Sea Surface height anomaly visualization¶
Now let’s make a more ellaborate visualization of the data to analyze the features better. For that, we will use the library cartopy
.
# initialize figure
fig = plt.figure(figsize=(11, 8.5))
ax = plt.subplot(1, 1, 1, projection=ccrs.PlateCarree())
# add features to map
ax.coastlines()
ax.add_feature(cfeature.BORDERS, linewidth=0.5, edgecolor='black')
gl = ax.gridlines(
draw_labels=True, linewidth=2, color='gray', alpha=0.5, linestyle='--'
)
ax.set_extent([lonmin, lonmax, latmin, latmax], crs=ccrs.PlateCarree())
# plot data
levs = np.linspace(0,0.5,6)
fmt = '%1.1f'
sla_subset_plot.plot(vmin=-0.5, vmax=0.5, cmap ='RdBu_r', transform=ccrs.PlateCarree())
cs = sla_subset_plot.squeeze().plot.contour(levels=levs,colors='k')
ax.clabel(cs, levs, fmt=fmt, inline=True, fontsize=10)
The colorbar centered in zero helps us understand the data better. The main features are in the eastern part, where close to the coast we can see strong gradients, but altimetry data too close to the coast might have some issues. So we focus on the features further from the coast, and the main ones we see are circular contour lines between 5°N and 10°N, and 45°W and 55°W. Some knowledge of the ocean circulation patterns in the area suggest that these features are associated with the North Brazil Current retroflection and a North Brazil Current Ring. Can we see any signature of that in salinity? Let’s check!

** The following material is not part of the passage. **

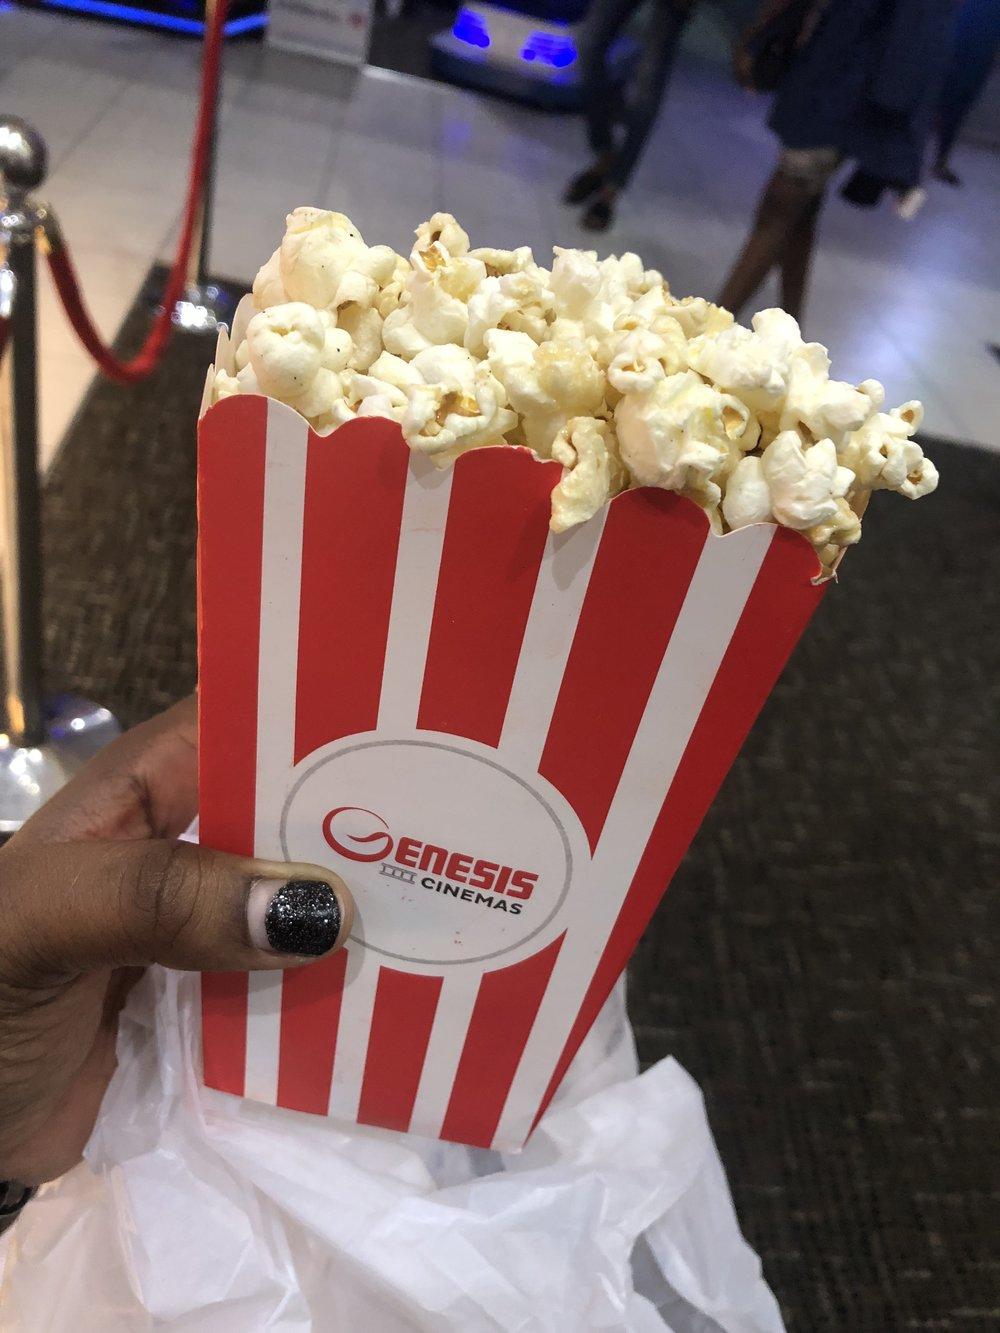 Genesis popcorn.JPG

Sea surface salinity data¶
Searching and accessing the data¶
Similarly to what was done for sea surface height anomaly, we’ll visit the Earthdata Search website to see what salinity data is available for the region and the time-period we’re interested. After some search, we find that the dataset with the shortname “SMAP_RSS_L3_SSS_SMI_8DAY-RUNNINGMEAN_V5” seems applicable, even though it’s an 8-day mean. Let’s set the same bounding box, the time span for around the same day we analyzed for sea surface height anomaly, and see what data is available:
# https://search.earthdata.nasa.gov/search/granules/collection-details?p=C2208425700-POCLOUD&pg%5B0%5D%5Bv%5D=f&pg%5B0%5D%5Bqt%5D=2021-09-01%2C2021-11-30&pg%5B0%5D%5Bgsk%5D=-start_date&tl=1718241606.658%213%21%21
sss_dataname="SMAP_RSS_L3_SSS_SMI_8DAY-RUNNINGMEAN_V5"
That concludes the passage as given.